**TASK INSTRUCTIONS**:
Exact repetition of a range: find the line containing "Bowling floral jacquard cardigan" and the line containing "minimalist_bac" in the material below, then repeat both and all lines between them, leaving pictures out.
[MATERIAL SHOWN — start]
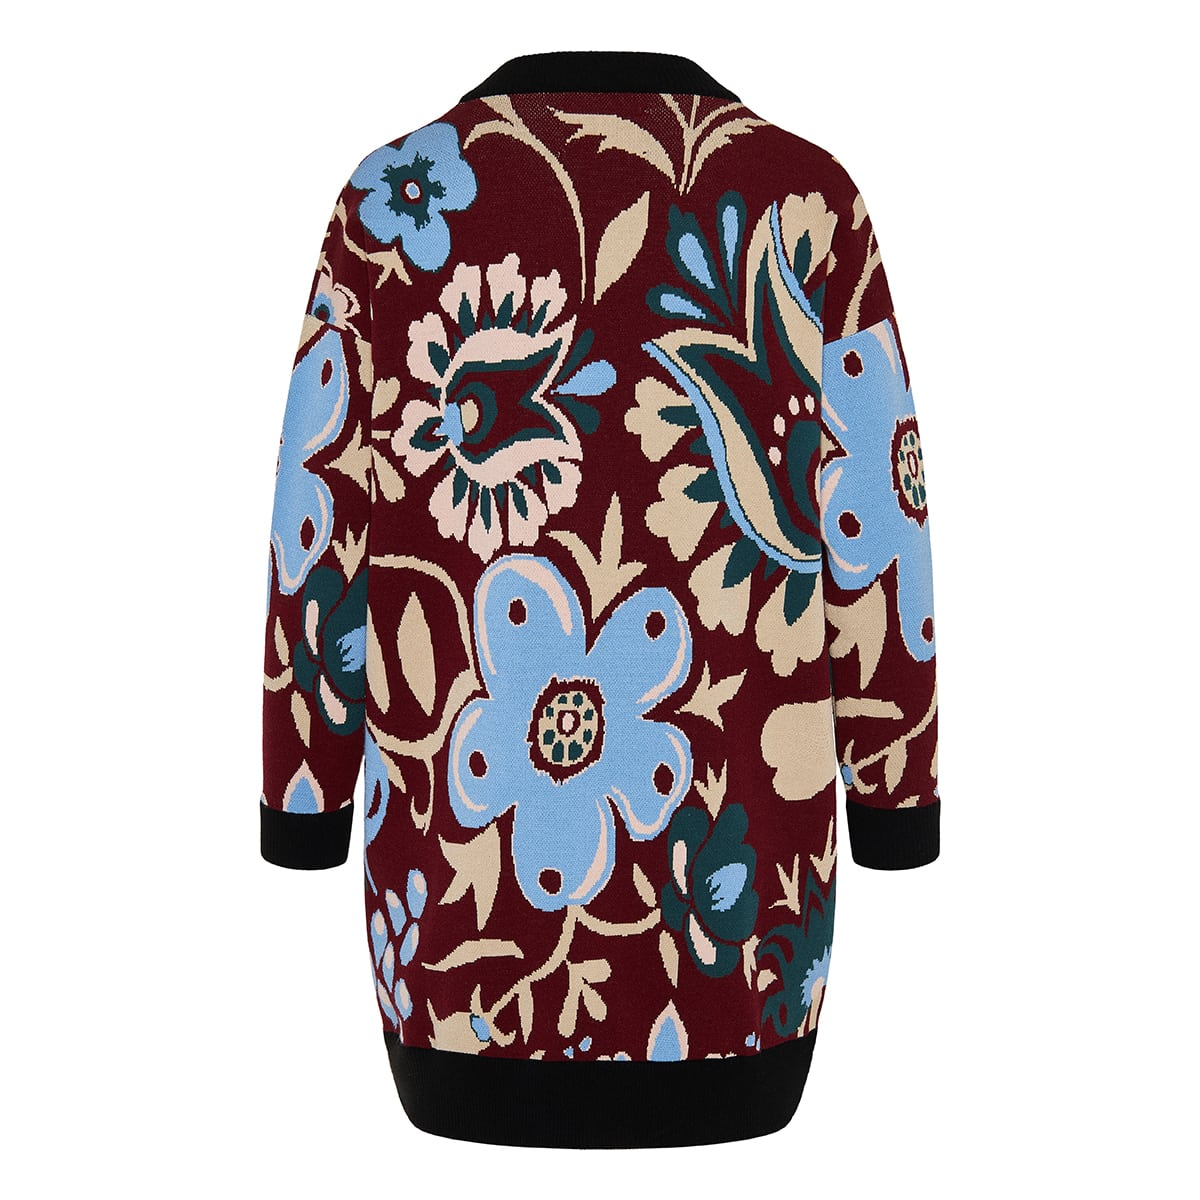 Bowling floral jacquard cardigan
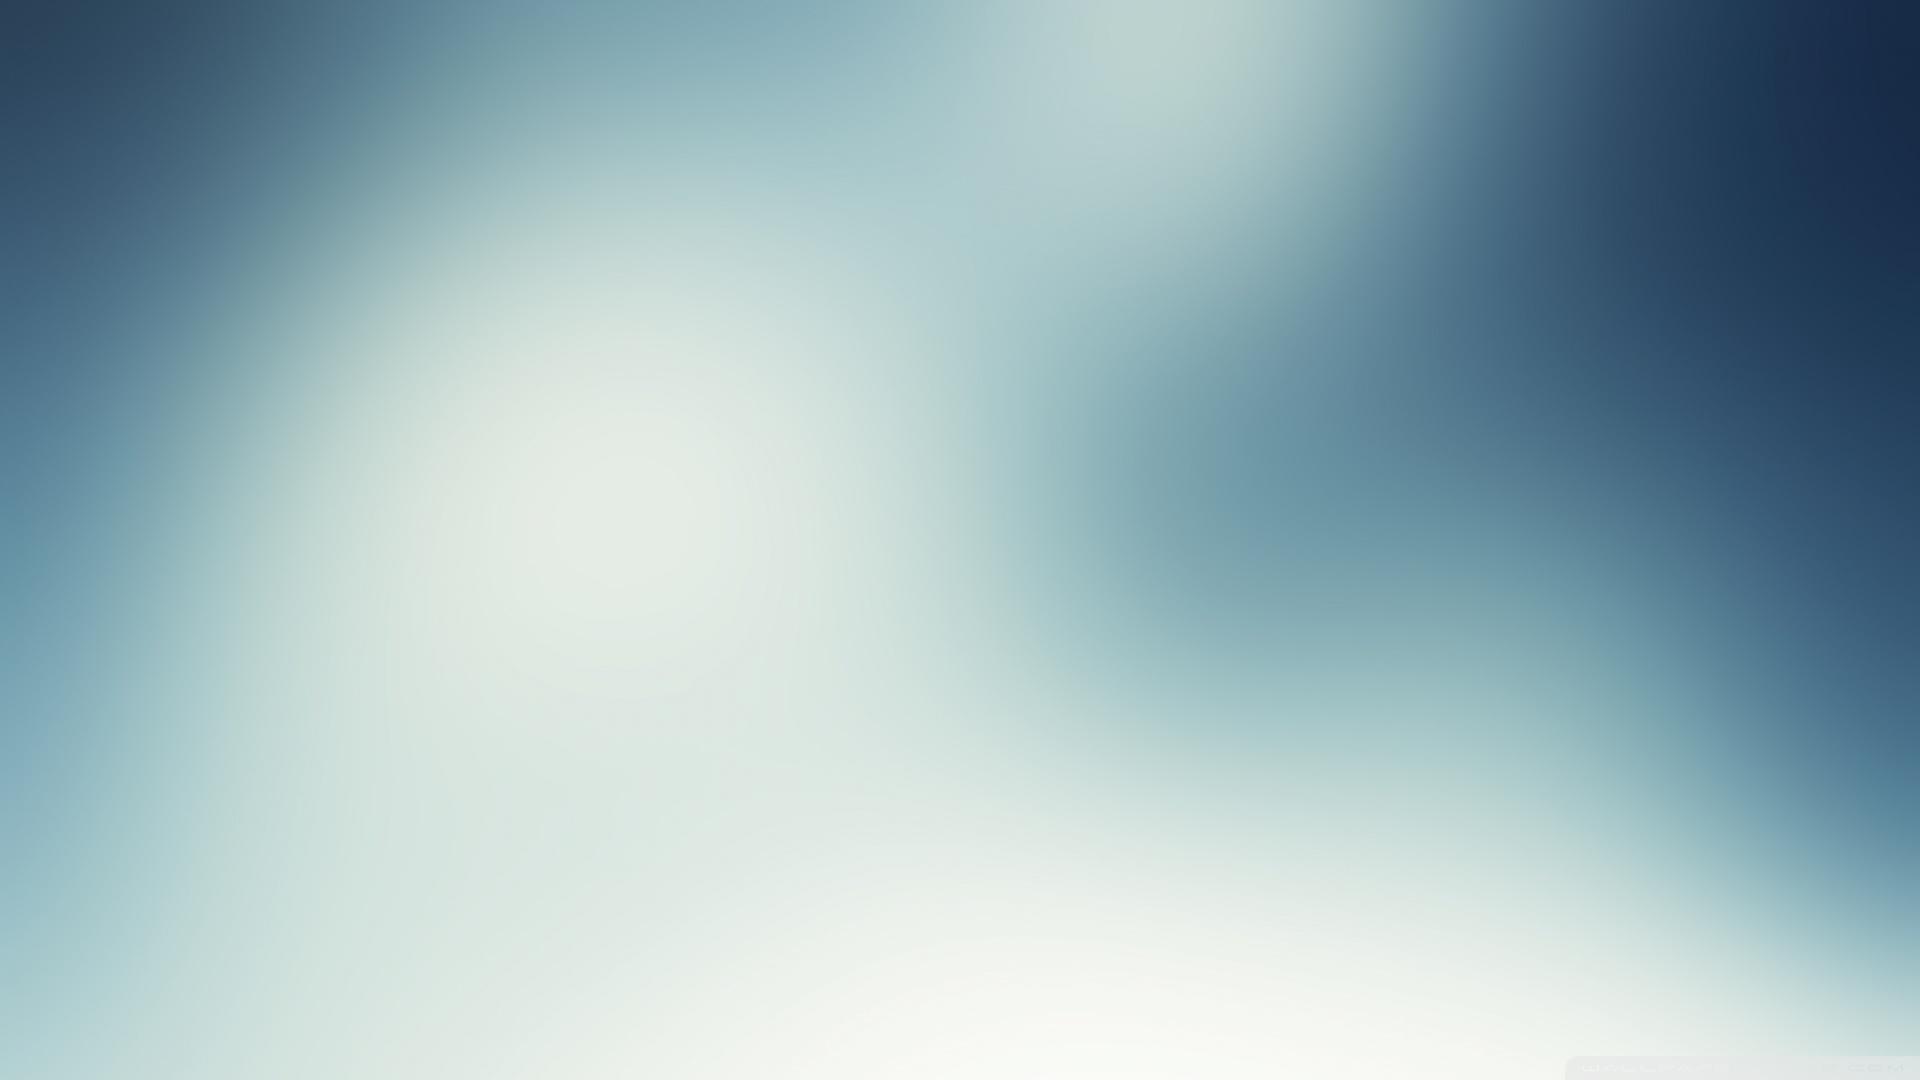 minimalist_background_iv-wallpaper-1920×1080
[MATERIAL SHOWN — finish]
[MATERIAL SHOWN — start]
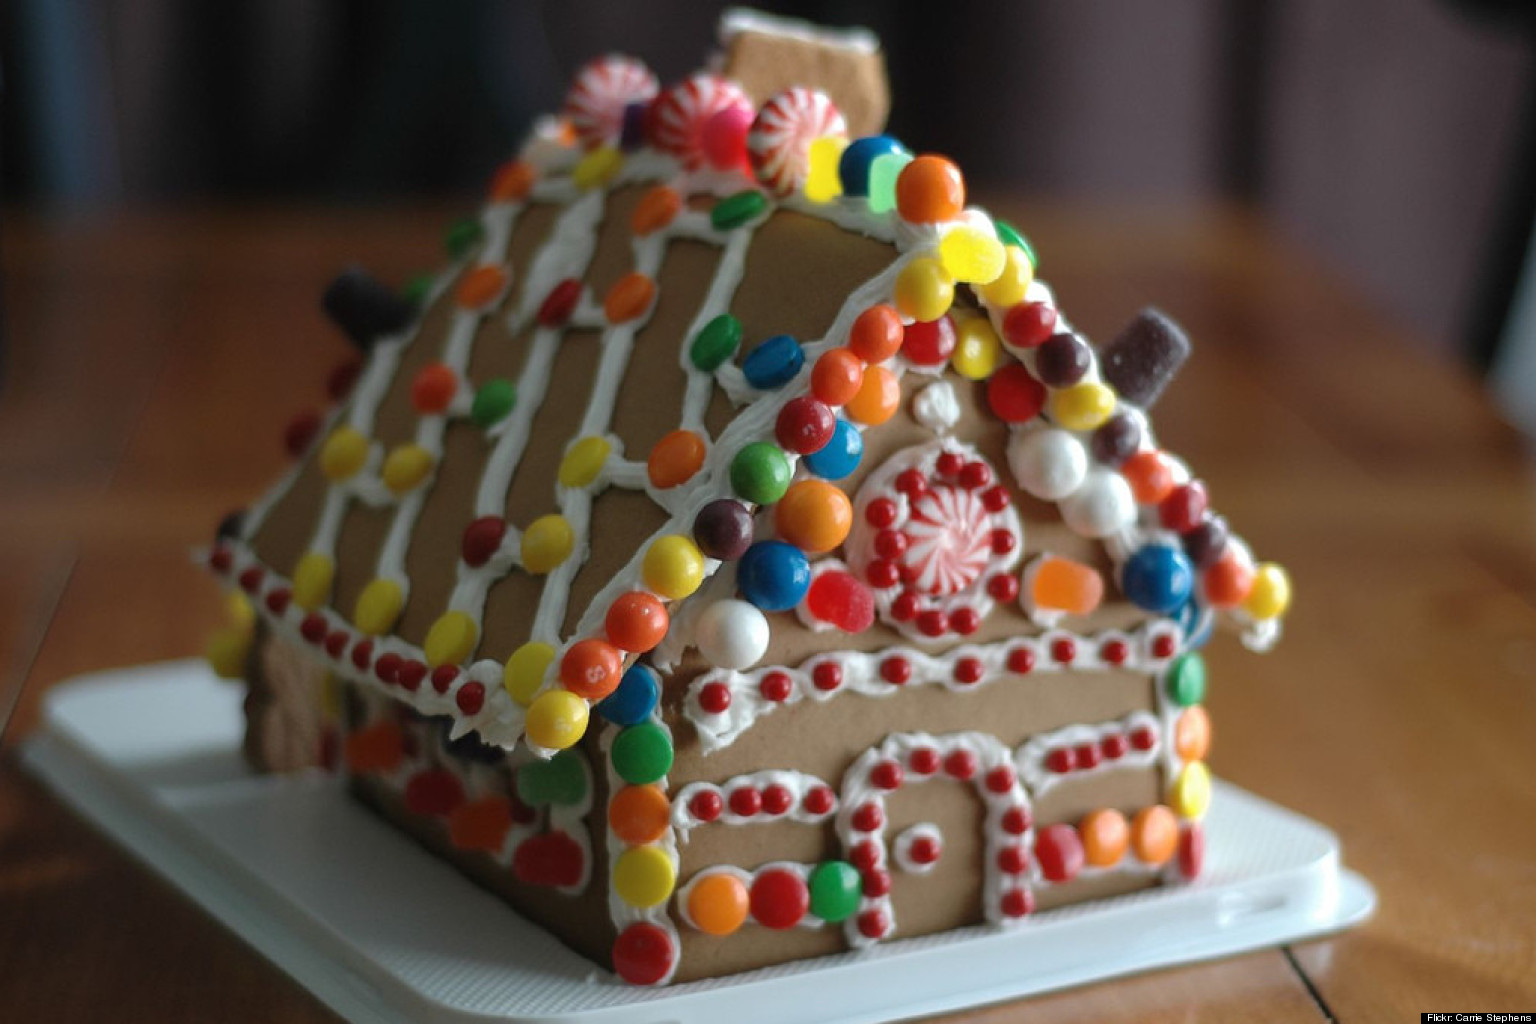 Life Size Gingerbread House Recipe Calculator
[MATERIAL SHOWN — finish]
**RESPONSE TO THE TASK**:
 Bowling floral jacquard cardigan
 minimalist_background_iv-wallpaper-1920×1080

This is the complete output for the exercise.